Images of animals pervade Indian mythology, art, literature and
religion. Attitudes towards animals can bear very definite social
implication and sanctions, the killing of a spider or a snake will be
regarded with reprobation, as well as the eating of meat which will
generally qualify a person, one way or another.
It would be only natural to think of India as a Garden of Eden, as a
place where humans and animals peacefully coexist within the same space
, be it urban, rural or even within the forest. Instead the reality is
that the niches in which animals are safe are shrinking everyday and
with the same accelerated speed everything is changing in today's race
to modernise India.
Soon many of the species that have been so important for the
development of India's diverse cultures will find no place to live and
will disappear forever.
The special place occupied by animals in Indian art, culture,
religion and society have amazed foreign travelers to India since Greek
and Roman times. Such a special relationship with animals has
contributed to the propagation across the world of the most marvelous,
incredible and fantastic stories about India, its people and its animal
species. It is said that in India in one valley called Iordia, certain
kind of snakes are born, and the most precious stones grow around their
necks......'
Traditions of animal worship, originating in primitive fear and the
need to propitiate those that presented danger to or served man still
linger, especially in tribal areas. Such was the apotheosis of animals
that they were even woven into Buddhist and Jain myths.
The abiding sacredness of animals was rooted deep in the minds of the
Indian people. This was derived from the Hindu-Buddhist theory of
transmigration which says the soul moves back and forth between various
modes of existence viz. human, animal and superhuman. This was extended
by the belief that all forms of life partake equally in the universal
life force.
India is a very large country in which all types of ecosystems are
present and where various religions, cultures, languages, racial groups
and social organisations have developed and co-existed for centuries.
Though it is obvious that the spectrum of the attitudes towards the
wildlife is quite wide ranging and diverse, yet, despite such extreme
differences, the respect for the life of an animal was a value absorbed
throughout Indian communities since childhood.
In India, no boy or girl will wish to molest birds in their nests,
nor they will feel any pride or pleasure in it, but in European
countries, it is different - to discover birds' nests is one of the
first modes in which a boy exercises his power and his this feeling
makes him enemy of almost the whole animal creation throughout his life.

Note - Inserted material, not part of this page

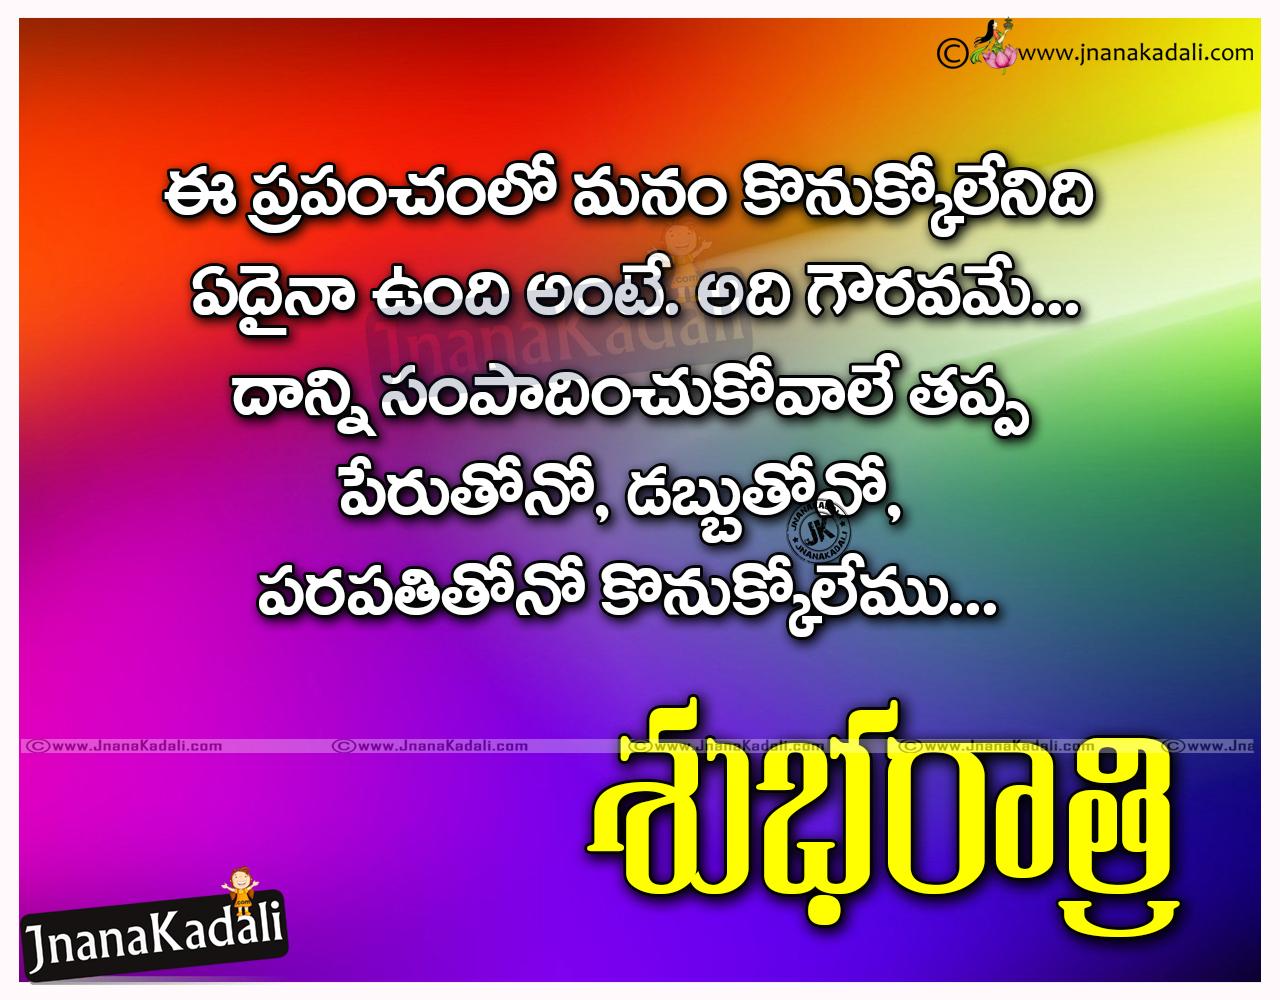 Telugu Good Night Best Inspiring Sayings Images Jnana Kadalicom

It is interesting to note that how no animal species, even a tiger, was
perceived as dangerous or harmful for the human being until he is
provoked or very hungry.
MAN- ANIMAL
CONFLICT:

The Man- Animal
conflict is mainly due to the pressure of rapidly increasing population
and poverty of the people which constitute the real threat to our
limited natural resources. The main reasons for the conflict are:
(i) the absence of an ecological boundary outside the buffer zone
with clear-cut demarcating areas exclusively reserved for National Parks
or Sanctuaries and the developmental zone; and
(ii) the absence of a cease-fire like buffer zone between human
habitation and the Protected areas.
One of the major factors militating against effective conservation in
our country is the biomass resource dependency of the people living in
and around the Protected areas. Having degraded the natural resource
base of their village commons these people turn to the nearby forests of
the protected areas for meeting their needs of fuel, fodder, pasture,
small timber, building material and other minor forest produce for their
sustenance. At the same time, wild animals raid their crop fields which
are adjacent to the boundaries of the Protected areas, and also pose a
threat to the human and livestock when they enter the forests. The
solution, therefore, lies in resolving such conflicts and this can be
achieved only when management attention is extended beyond the legal
boundaries of the Protected areas by taking up the various
Eco-development activities in the nearby villages.